The last couple of decades have been a golden age for neuroscience research, providing the first steps in understanding how the brain works and how it can go awry. Yet despite these advances on the “benchside,” progress on the “bedside”—that is, for patients with neuropsychiatric disorders, brain injury and other nervous system disorders—has largely stalled.
For one Stony Brook professor, the problem may stem from the way disease research has been approached in the past.
Dr. Dennis Choi is chair of the Department of Neurology as well as director of the Institute for Advanced Neurosciences at Stony Brook’s School of Medicine.
“Translational neuroscience is such a large and vigorous area, both for academic and industry,” Choi said. “At Stony Brook, many basic research programs are actively tracking translational opportunities, looking for ways their discoveries might lead to better diagnostic tests or therapies for diseases of the nervous system.”
Choi led a multi-institutional review of the neuroscience drug industry, which was recently published in the journal Neuron.
In the report, Choi and colleagues from other institutions like the NIH, Harvard and MIT, outlined the need to create new policy-based incentives for the development of new breakthrough drugs.
“In essence, the core difficulty is the complexity of central nervous system biology,” Choi said. “This leads to greater-than-average uncertainty in therapeutic targeting and poses a challenge for clinical trials.”
“Biotech companies tend to go after disease targets that are relatively well-defined, even if disease prevalence is low, as their small size allows companies to achieve commercial success with small markets,” Choi said.
While the neurobiology of disease is not expected to ease up anytime soon, Choi and his colleagues think that implementing new incentives may tip the scales for biotech companies.
“Our hope is that we can increase the reward side of the risk-reward calculus that determines where pharmaceutical companies invest research and development dollars,” Choi said.

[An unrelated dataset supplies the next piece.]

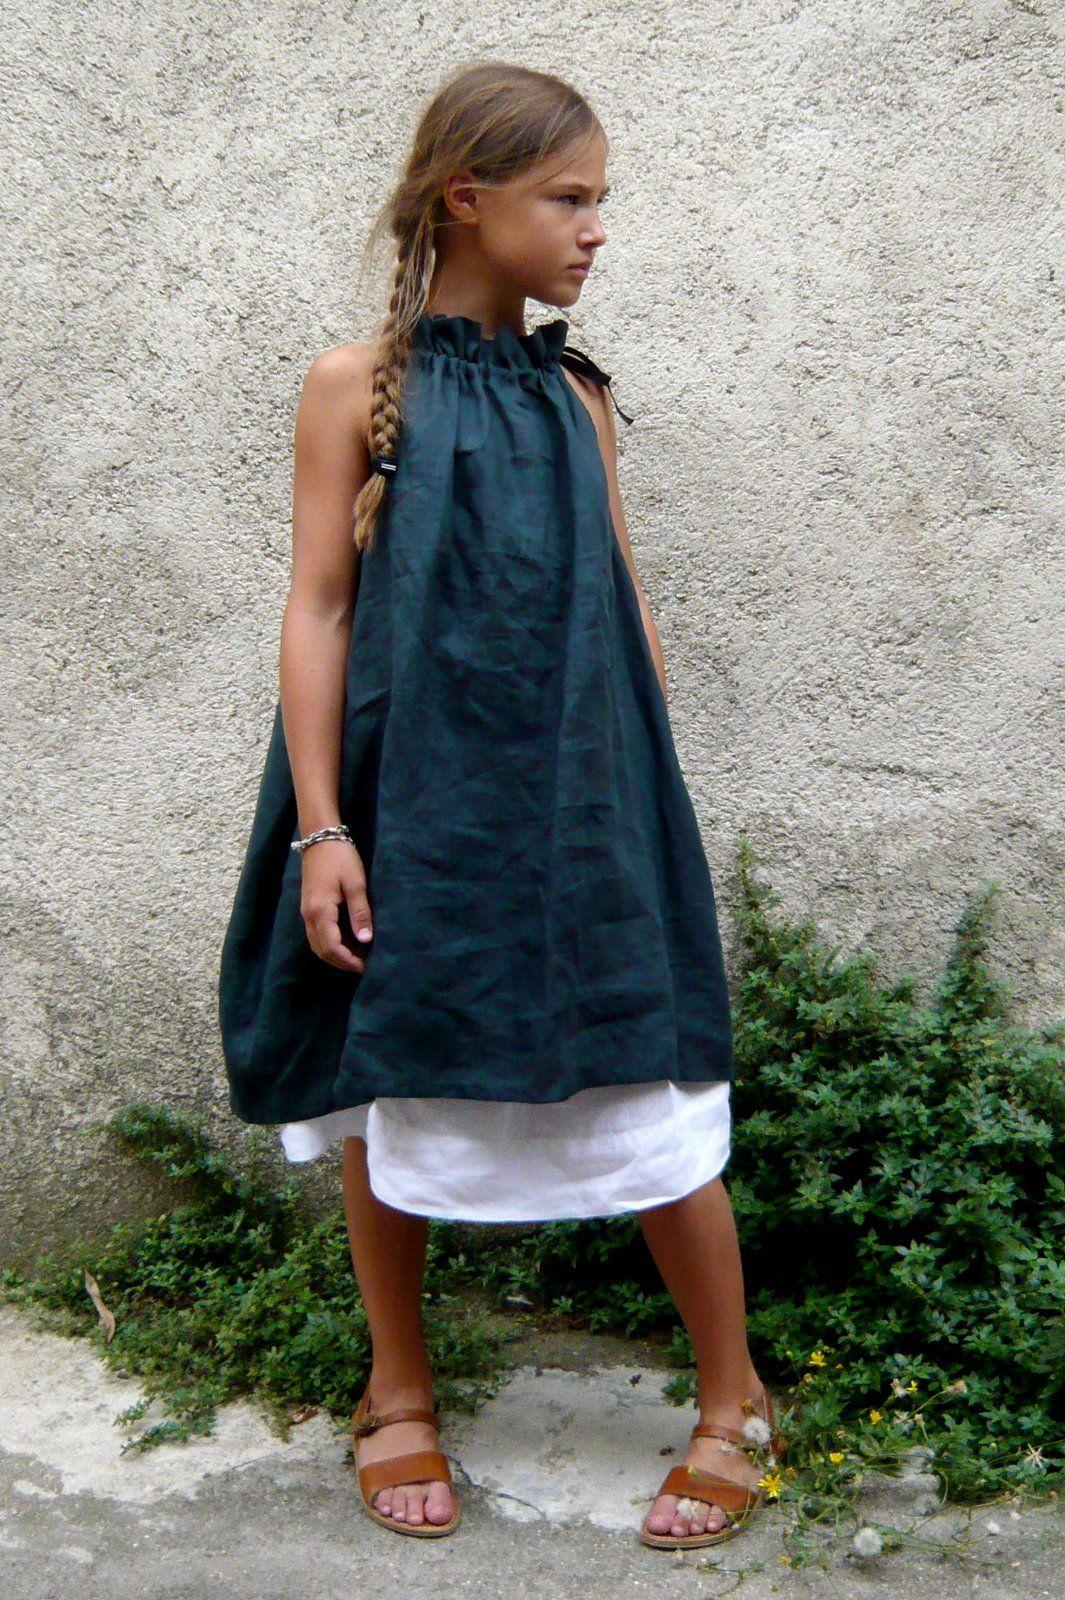 Pin by lian torres de leon on muñeca pinterest girl blog blog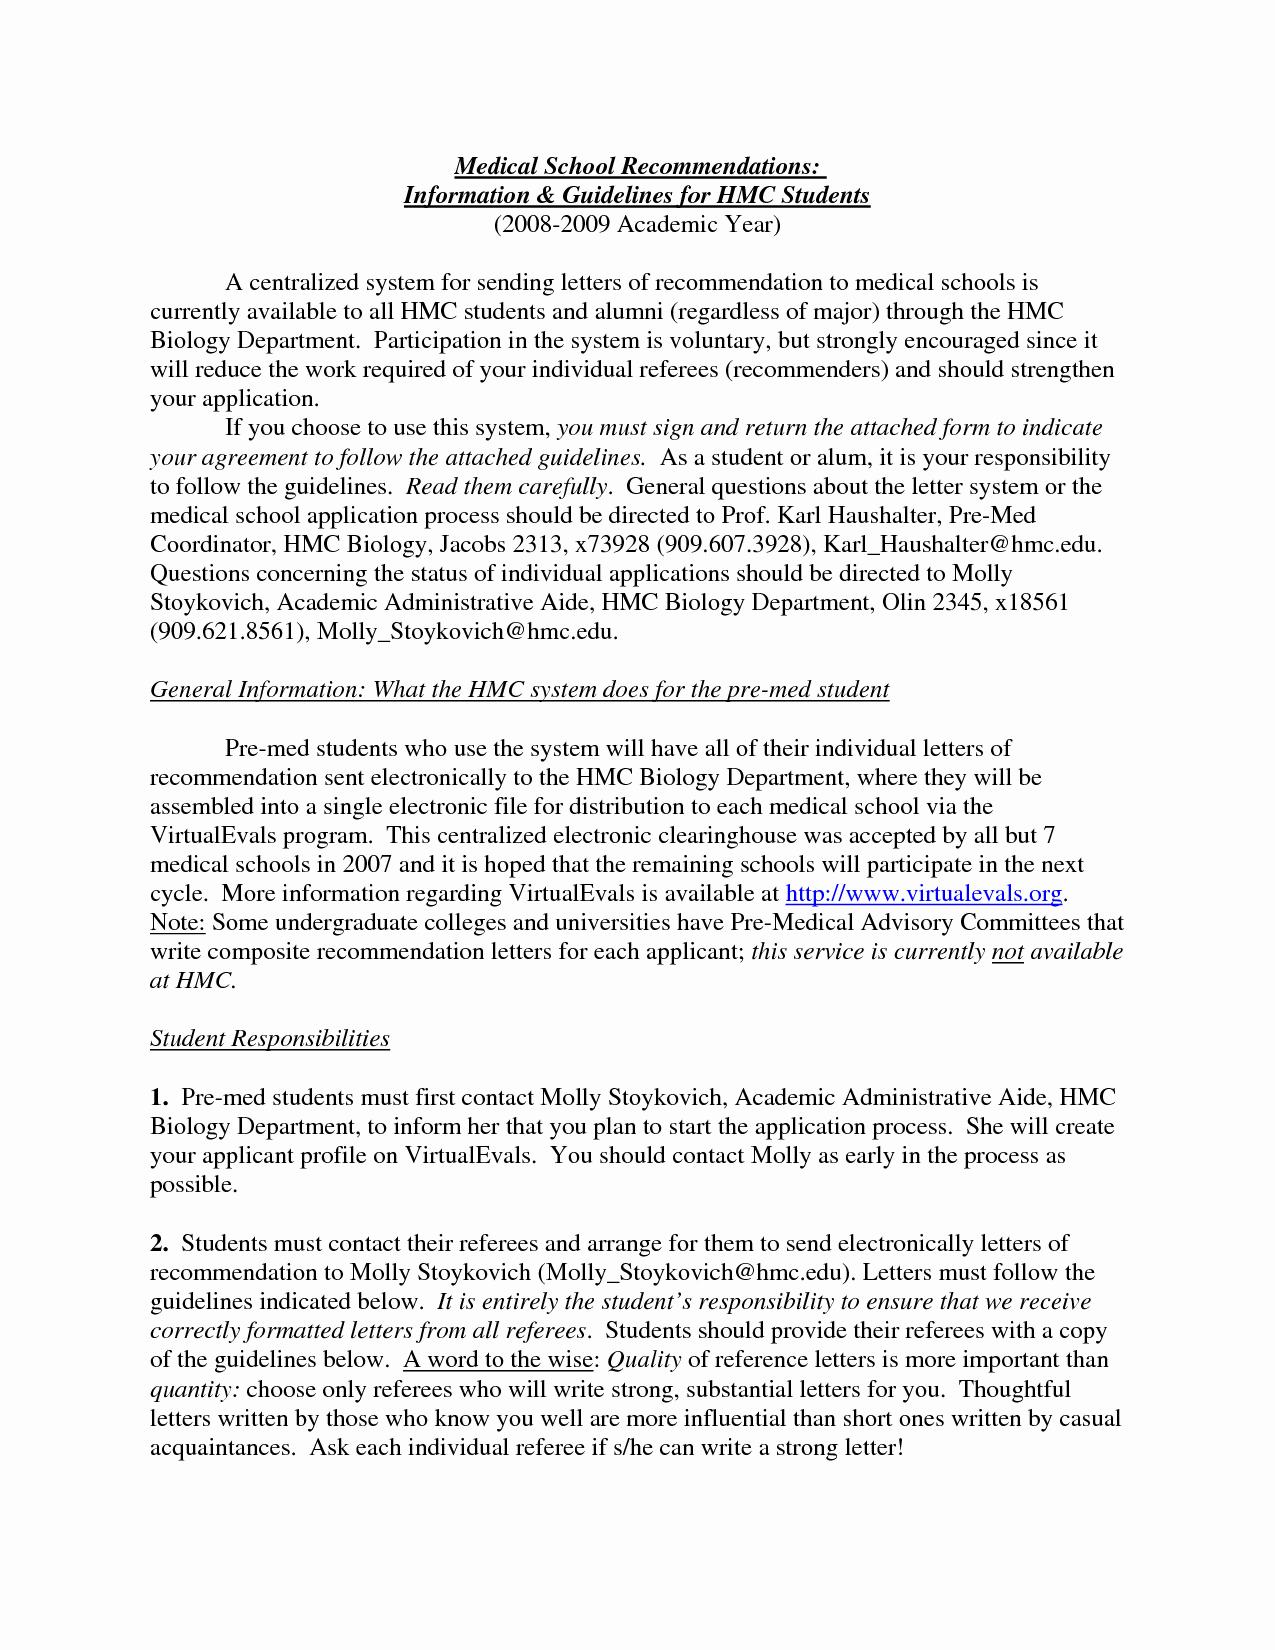 Medical School Recommendation Letter Example Awesome Re Mendation format Portablegasgrillweber

One policy change the authors have proposed is to strategize the way market returns are regulated for breakthrough drugs, something that would not require any upfront funding. In the end, it is the patient whose well being remains on the line.
“Ultimately, we need to keep incentivizing the search for new treatments, for the sake of the many patients who currently suffer from a wide range of neurological and psychiatric diseases,” Choi said.
In the meantime, much still remains to be understood, even for the most prevalent central nervous system disorders. To forge ahead, academic and private organizations must work together to come up with policies that make the most sense for the neuroscience community as a whole.